Er was echter ook een goed ding wat wij in Den Helder hebben overgehouden aan ‘t verblijf van die mannen in den vreemde. Ze raakten gewend om in de ‘koloniën’ ander eten voorgeschoteld te krijgen. De vroege supermarkten voorzagen daar in 1e instantie niet in, maar een bepaalde import, wellicht via de marinehaven zelf, zorgde op een gegeven moment voor een redelijke instroom van oosterse producten, lang voordat sambal gemeengoed werd in de rest van ‘t land.

Fusion koken was ook alweer zoiets dat in die tijd nog niet z’n intrede had gedaan. In mijn geboortestad waren er evengoed al vroeg kookgrage marinemensen die de scepter van de vrouw in ‘t rijk van de keuken overnamen (hoe moest zij nou weten wat lekker was, als zij ‘t nog nooit gegeten had?).
& Zodoende, zowel huidhoudschooldirecteurvaders als marinemanvaders waren op vakantie & hun respectieve kinders hoefden een keertje niet mee vanwege oud genoeg om zelfstandig te worden, leerde ik op 17-jarige leeftijd tijdens logeerpartijen bij een klasgenoot de heerlijke combinatie kennen van aardappelen met sambal.
Een revolutie in stante pede.

De olijven hebben ook al een tijd geleden kennis gemaakt met lekker heet. Ze zijn gevoeglijk sambalolijven gaan heten, waarschijnlijk omdat ‘t toevoegen van sambal de eenvoudigste, snelste & goedkoopste manier is om je olijven heet te maken. Maar wil je ze écht lekker, dan kan je beter nu even naar me luisteren.

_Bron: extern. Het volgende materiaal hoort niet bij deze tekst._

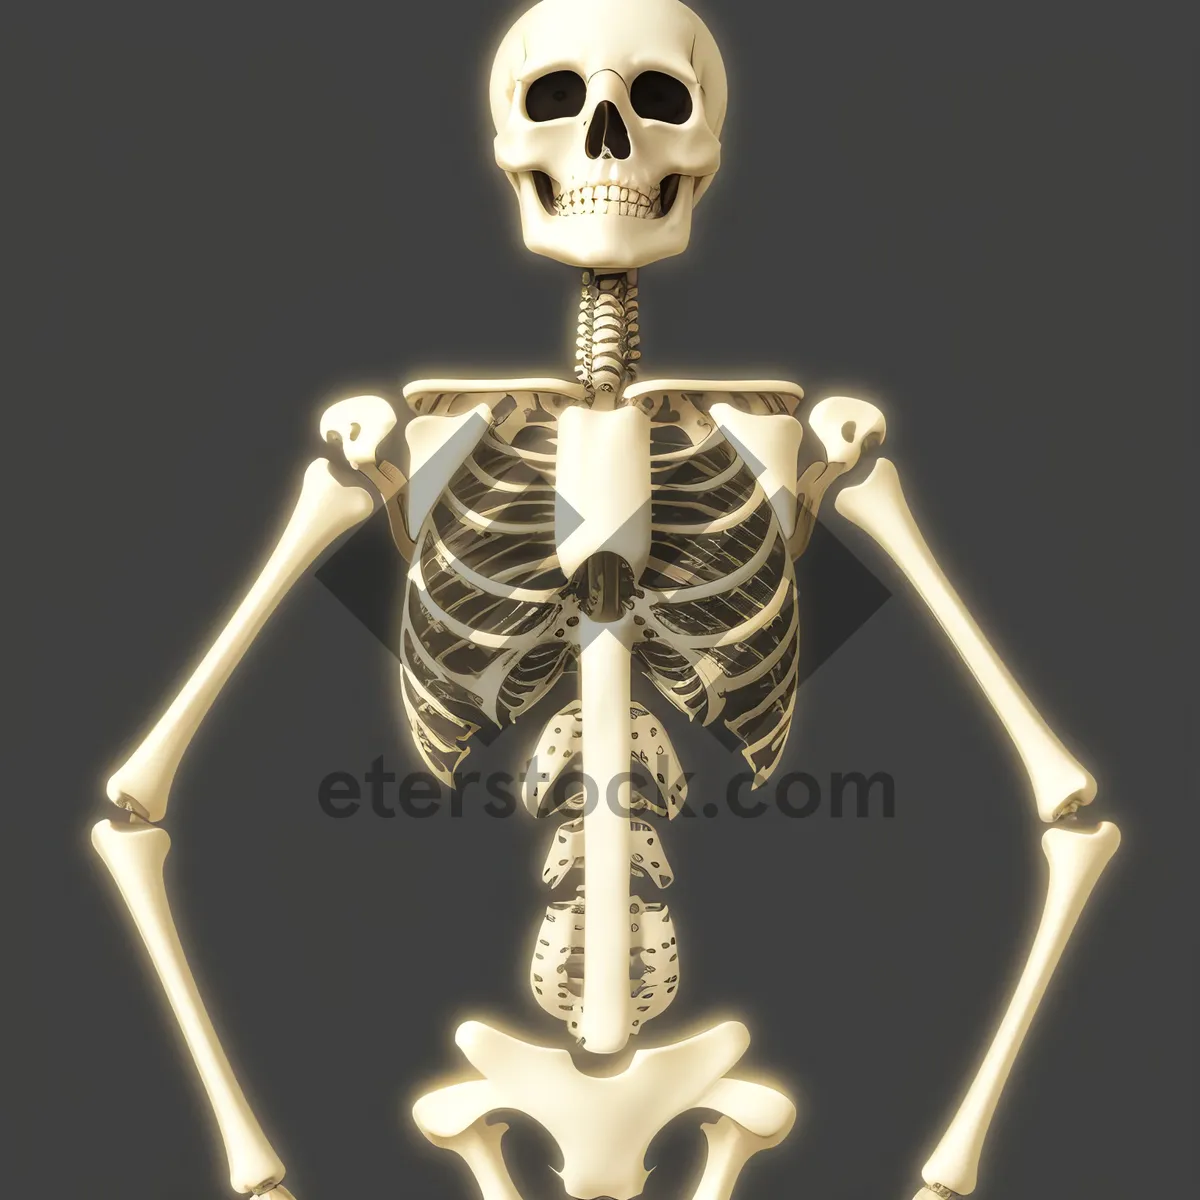 Picture of Skeletal anatomy: X-ray view of human torso
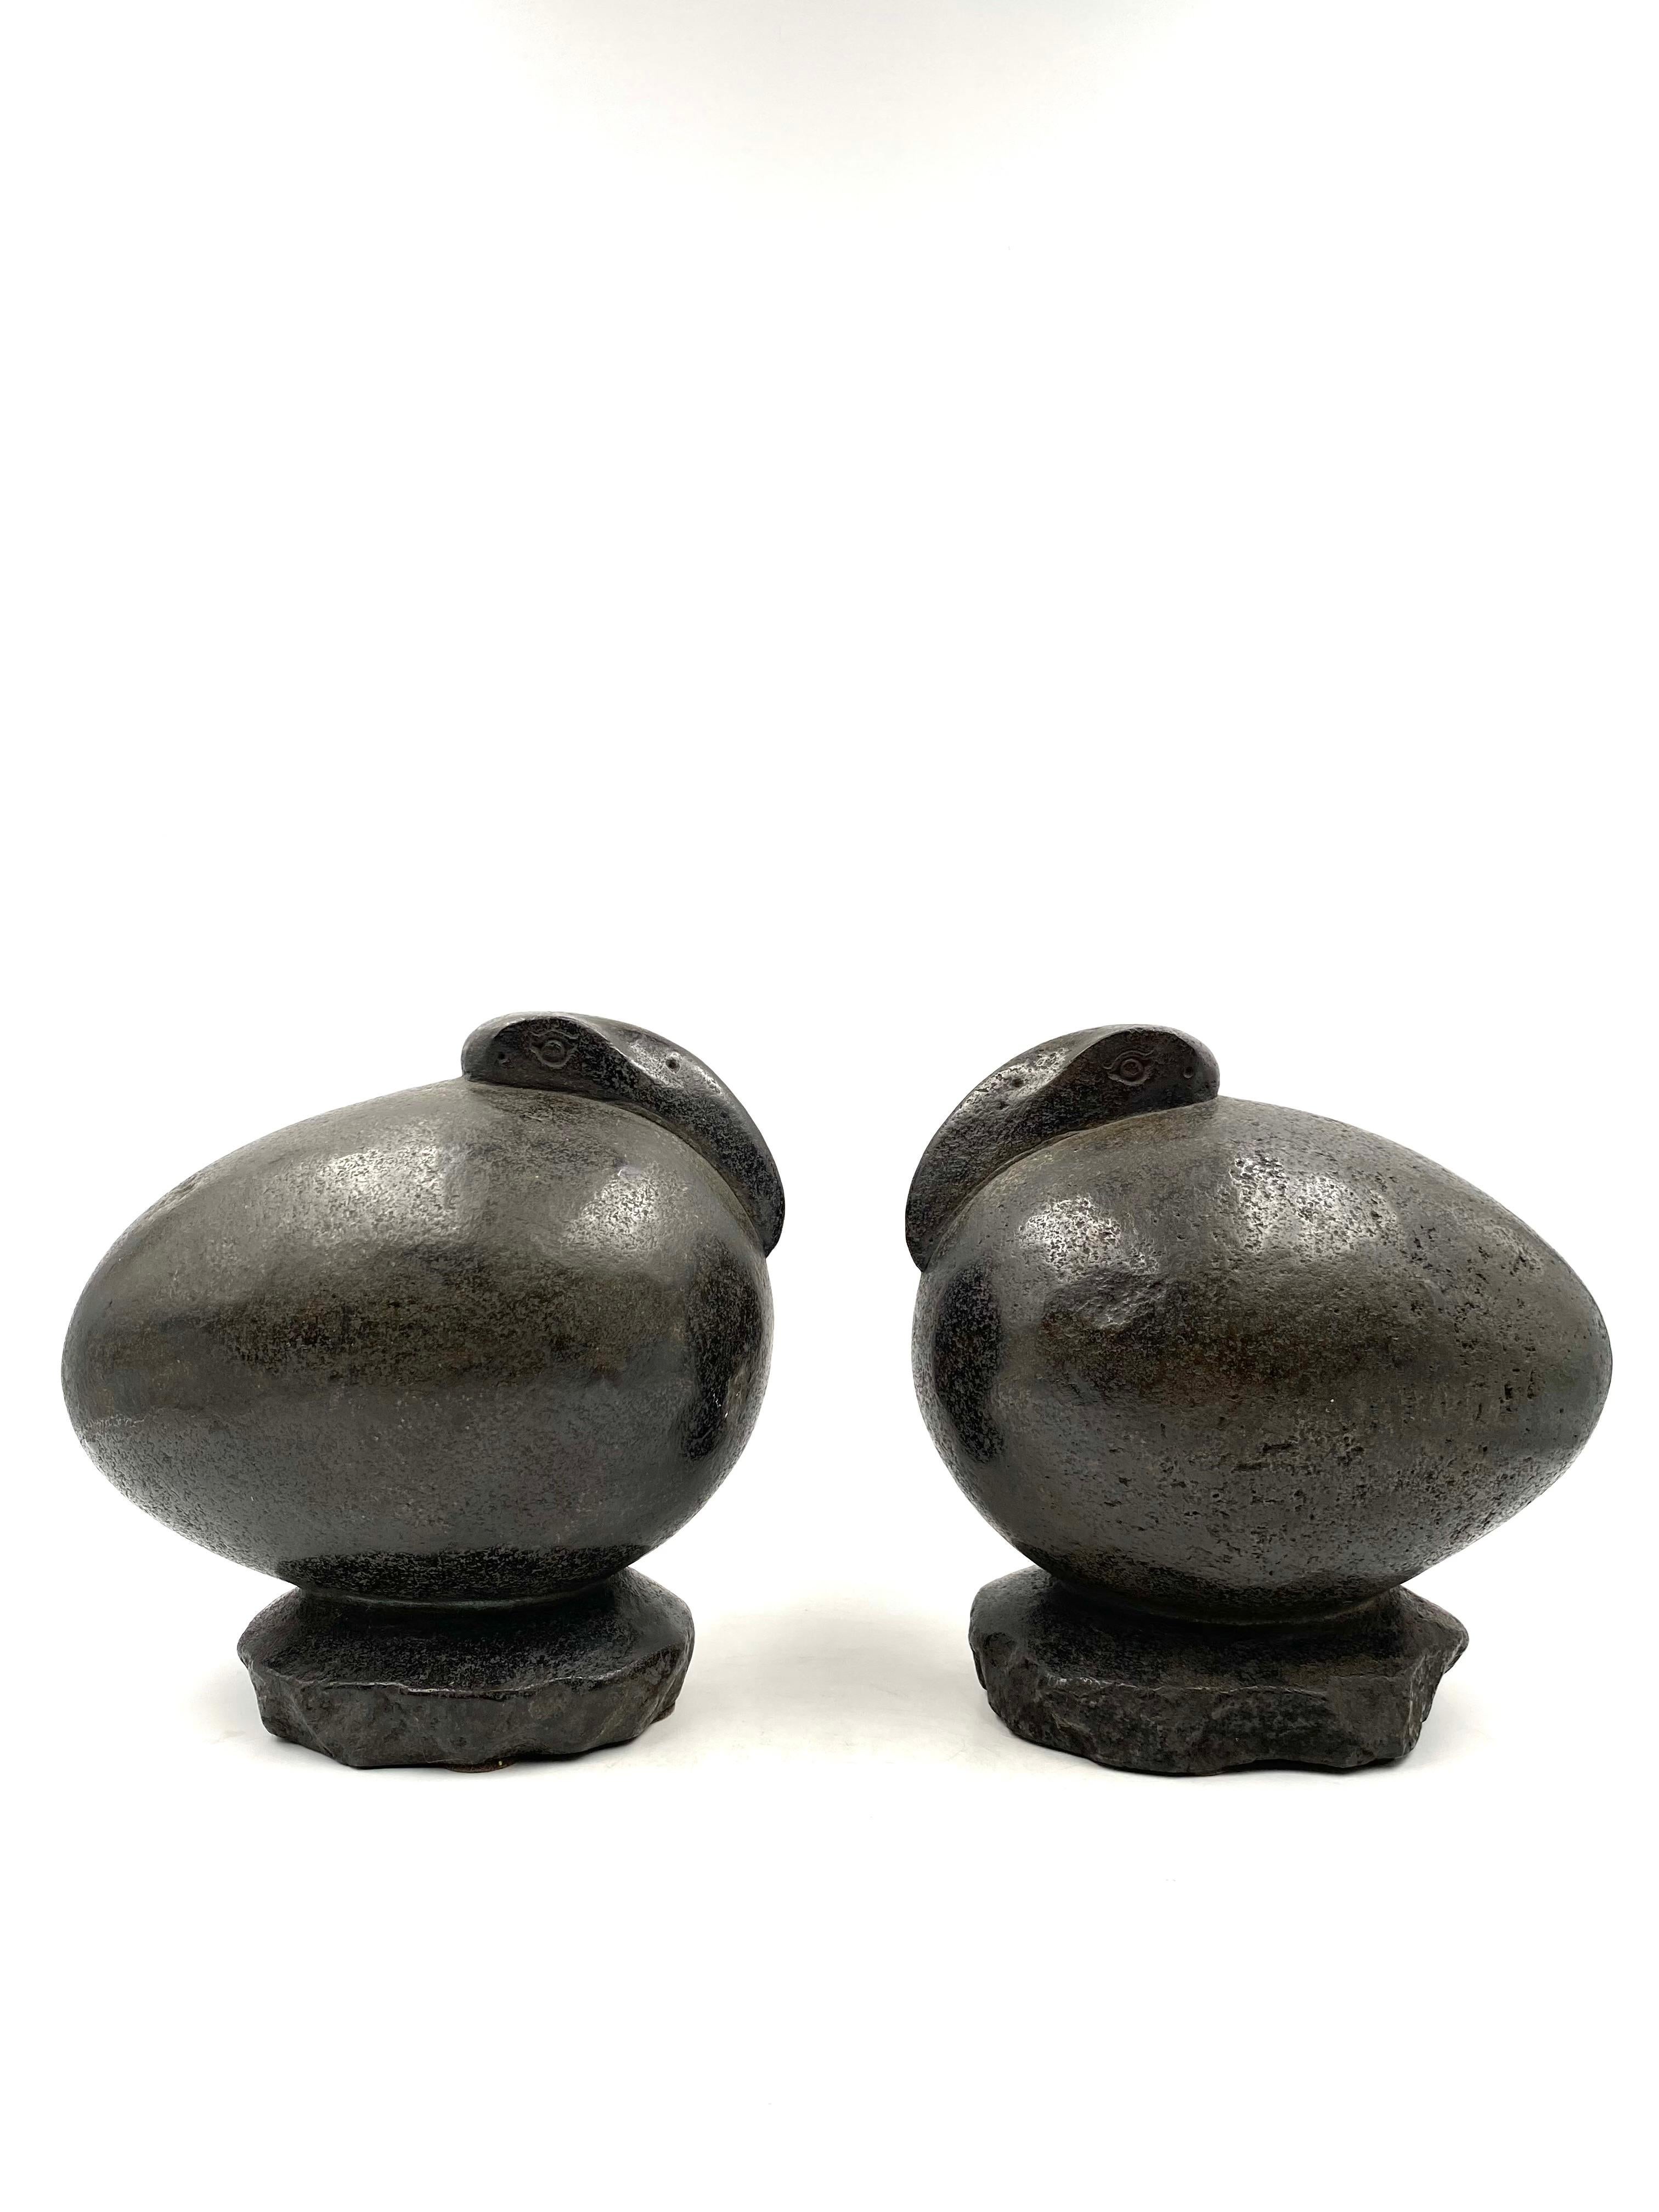 Stone Ibis Birds, Pair of Basalt Ovoid Sculptures, France Early 20th Century

Ik heb ‘t grote voordeel verworven dat ik niet zo goed tegen bepaalde suikers kan. Natuurlijk hebben de oosterse mensen (of de mensen die bepaalde aspecten van hun keuken hebben overgenomen) ‘t lekker bevonden om dat ten overvloede in de naar ons toe geëxporteerde potjes sambal te stoppen. Jarenlang mijn favoriete etenswaar, maar door stoelgang gedwongen dat te gaan vervangen door gewoon echte rode pepers.
De zoetigheid, die ik toch ook best weet te appreciëren, vervang ik in m’n maaltijden zo af & toe met stevioglycosiden. Dat is een verdunde poedervorm van de natuurlijk zoetstoffen in ‘t plantje stevio. Waar ik dus stevio gebruik, mag iemand die me na wil volgen ook best suiker gebruiken, maar men dient beter niet mij ‘t resultaat vervolgens voor te schotelen.

In oorsprong heb ik onderstaande gewoon ergens anders vandaan gejat. Of nee, ik heb ‘t op die wijze gemaakt & niet goed genoeg bevonden. Mijn advies derhalve mbt mijn methode: wil je er echt liefde in stoppen, probeer onderstaande 1st uit & pas dan ‘t recept aan & strooi de ingrediënten met losse hand & naar welbevinden over de olijven uit, waarna de olijfolie eroverheen geschonken kan worden. Stop ‘t in een hersluitbare pot die je zonder problemen of lekken zo af & toe om kan keren. & Laat ‘m liefst 20 uur op kamertemperatuur staan.

3 ons groene ontpitte olijven
1 eetlepel stevioglycosiden
3 rode pepers, fijngesneden
5 groene pepers (vooral niet heet), idem
3 tenen knoflook, evenzo
1 eetlepel paprikapoeder
1 theelepel komijnpoeder
1½ theelepel gedroogde oregano
3dl olijfolie van redelijke kwaliteit

Maar in Zijperspace gebruiken we gewoon de losse hand.

Opsluiting

Vandaag krijg ik een online geestelijke opknapbeurt. 1tje Die een paar sessies moet gaan duren & waar anderen ook bij betrokken zijn. Waar anderen werkend overleggen via eenzelfde methode doen wij een opknapbeurt, zodat we…
Nee, eigenlijk moet ik hier voor mezelf spreken, want ik ken die anderen nog niet.

… zodat ik er iets van opsteek & een stapje verder maak naar wat komen moet. Bredere schouders vallen er onder. & Wat meer kracht. Dat ik ook meer pressie kan zetten. & De algehele chaos die moet wat vaker de deur uit.
Hoewel die chaos wellicht wat overdreven is. Ik heb nl systemen voor om overzicht te hebben. Voor elke handeling zo’n beetje. Zullen anderen ook wel hebben. Ik moet ze alleen bij alles paraat hebben, want anders…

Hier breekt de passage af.